= Tagadur Ramachandra Rao =

Indian activist (1898–1989)

Tagaduru Ramachandra Rao (1898 - c. 1989) was a veteran freedom fighter and social activist from Karnataka (erstwhile Mysore state), noted as the founder of Swarajya Mandir and Satyagraha Ashram at Tagadur village in Mysore district in 1921.

==Biography==
Ramachandra Rao was born in a Halenadu Karnataka Brahmin family in a place called Tagaduru which is in Nanjangud Taluk of Mysore district. His ancestors were very affluent zamindars, but by the time Ramachandra Rao became a young boy, the family property was reduced considerably.

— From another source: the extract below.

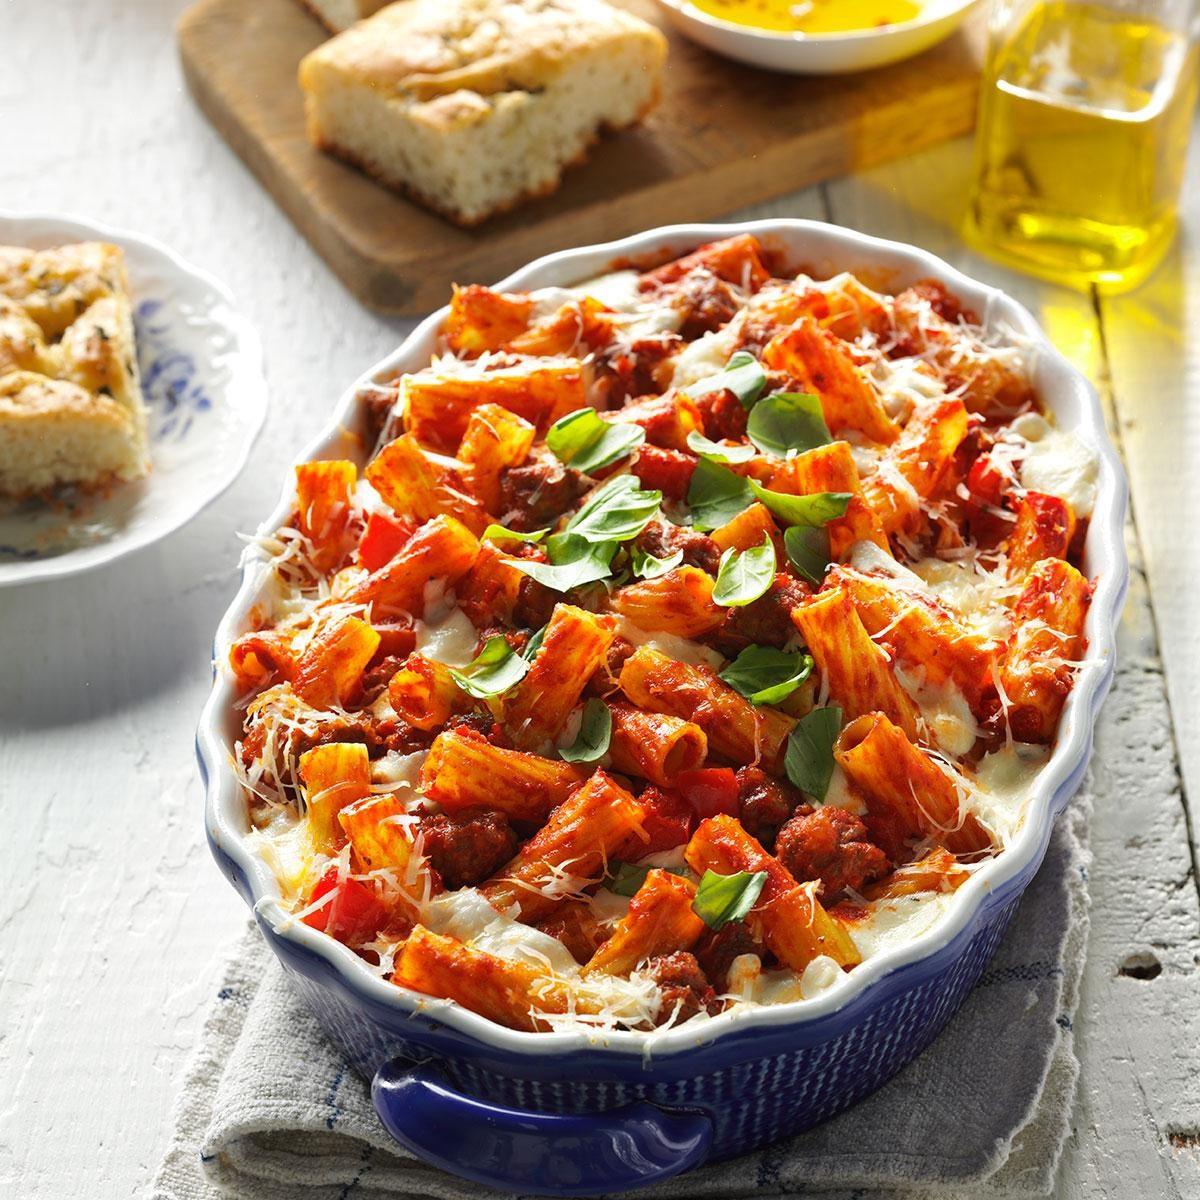 65 Italian Potluck Ideas To Feed A Crowd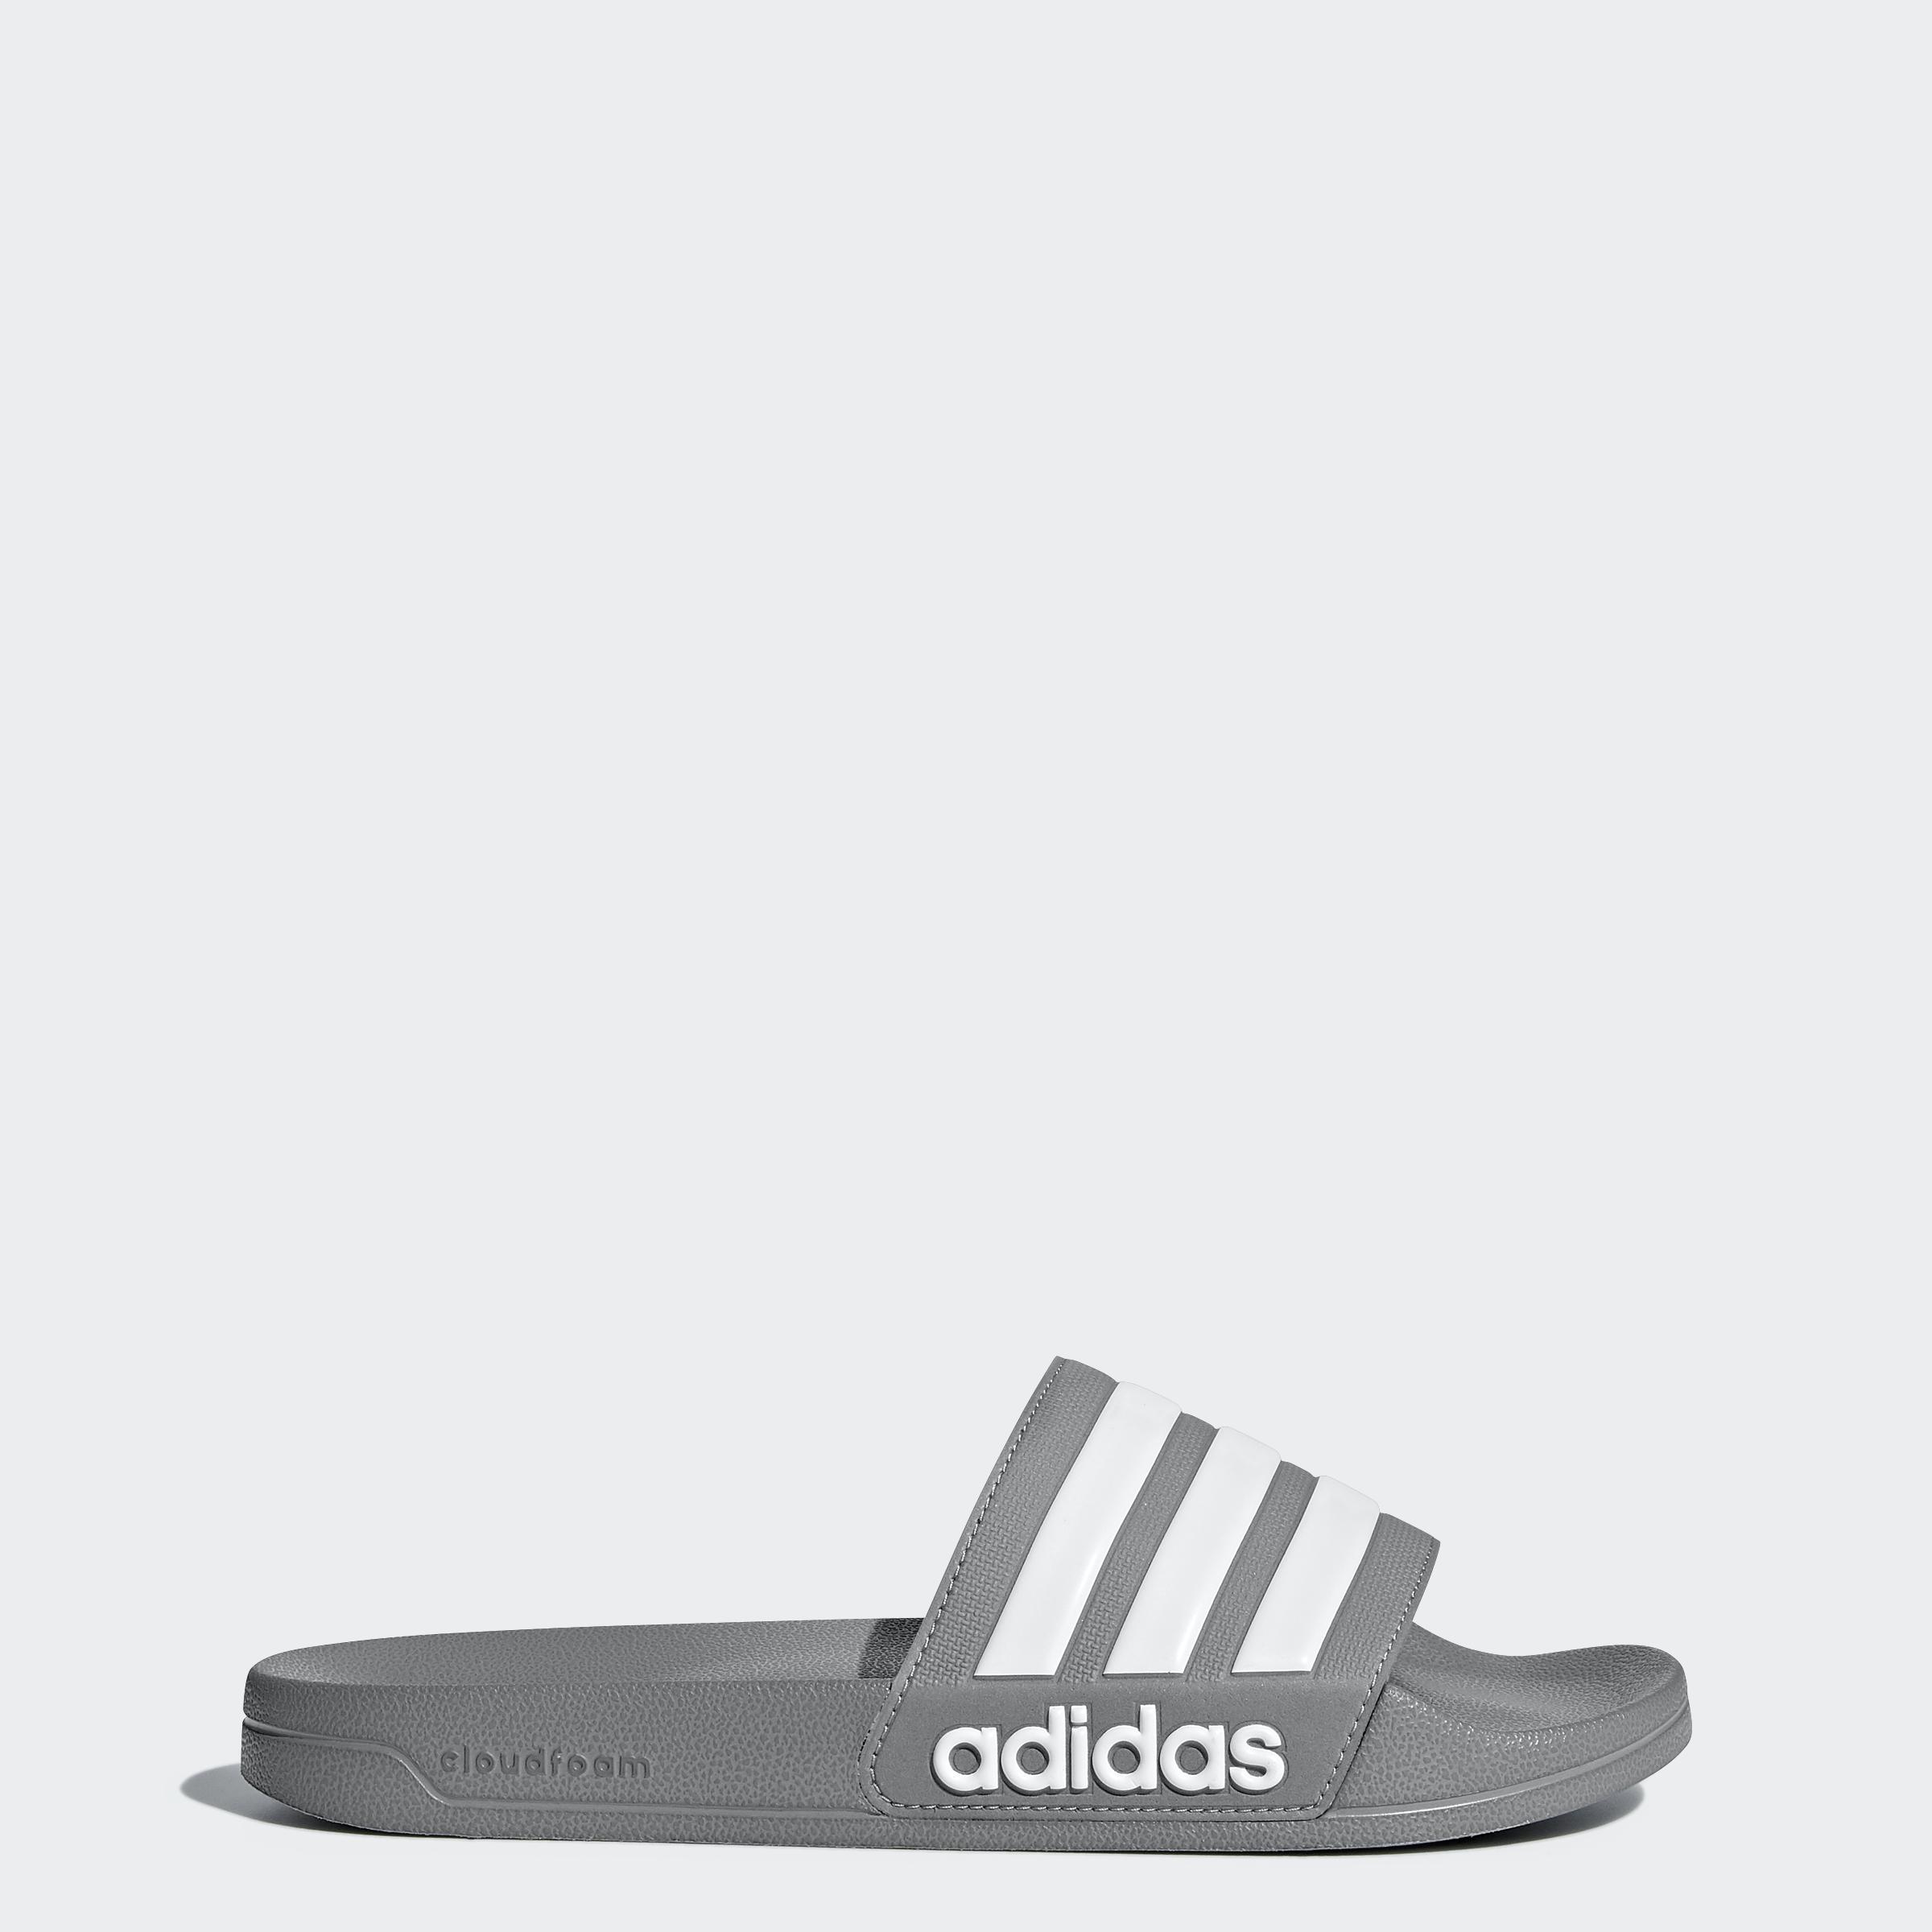 adidas-Adilette-Cloudfoam-Slides-Men-039-s thumbnail 34

Ramachandra Rao was a follower of Mahatma Gandhi, deeply influenced by Satyagraha movement. He was called "Father of Political Unrest" in princely Mysore. Ramachandra Rao was arrested for opposing the visit of the Simon Commission to India in 1928 and became the first political prisoner in Mysore State. He was popularly known as Mysore Gandhi.

Ramachandra Rao founded the Khaddar Sahakara Sangha in 1925. Because of his influence and efforts Mahatma Gandhi made his visit to Mysore State in 1932 while, he visited Tagadur and a village nearby-Badanavalu village in Nanjangud Taluk of Mysore district.

Apart from freedom movement, Ramachandra Rao took part in other social and national movements. Some of the movements initiated by him are as follows.

- Cow protection movement in Mysore state
- Anti untouchability movement - made many temples to open their doors to Dalits
- Anti conversion drive in Mysore state against the conversion by missionaries.
- Instrumental in admitting many lower caste people into schools

Ramachandra Rao has written many articles and books. His autobiography "Nanna alilu seve" gives an account of journey of his life. Although he could have become minister in the Mysore state after the freedom of India he was not attracted by power. He opted for a quiet life with his children and grand children. He lived in Mysore till his death. There is a circle in Vidyaranyapuram in Mysore which is named after him.

In 1983Ramachandra Rao was conferred with the Jamnalal Bajaj Award for Application of Science and Technology for Rural Development. GV Iyer made documentary on Tagaduru Ramachandra Rao during 1980's along with the family members.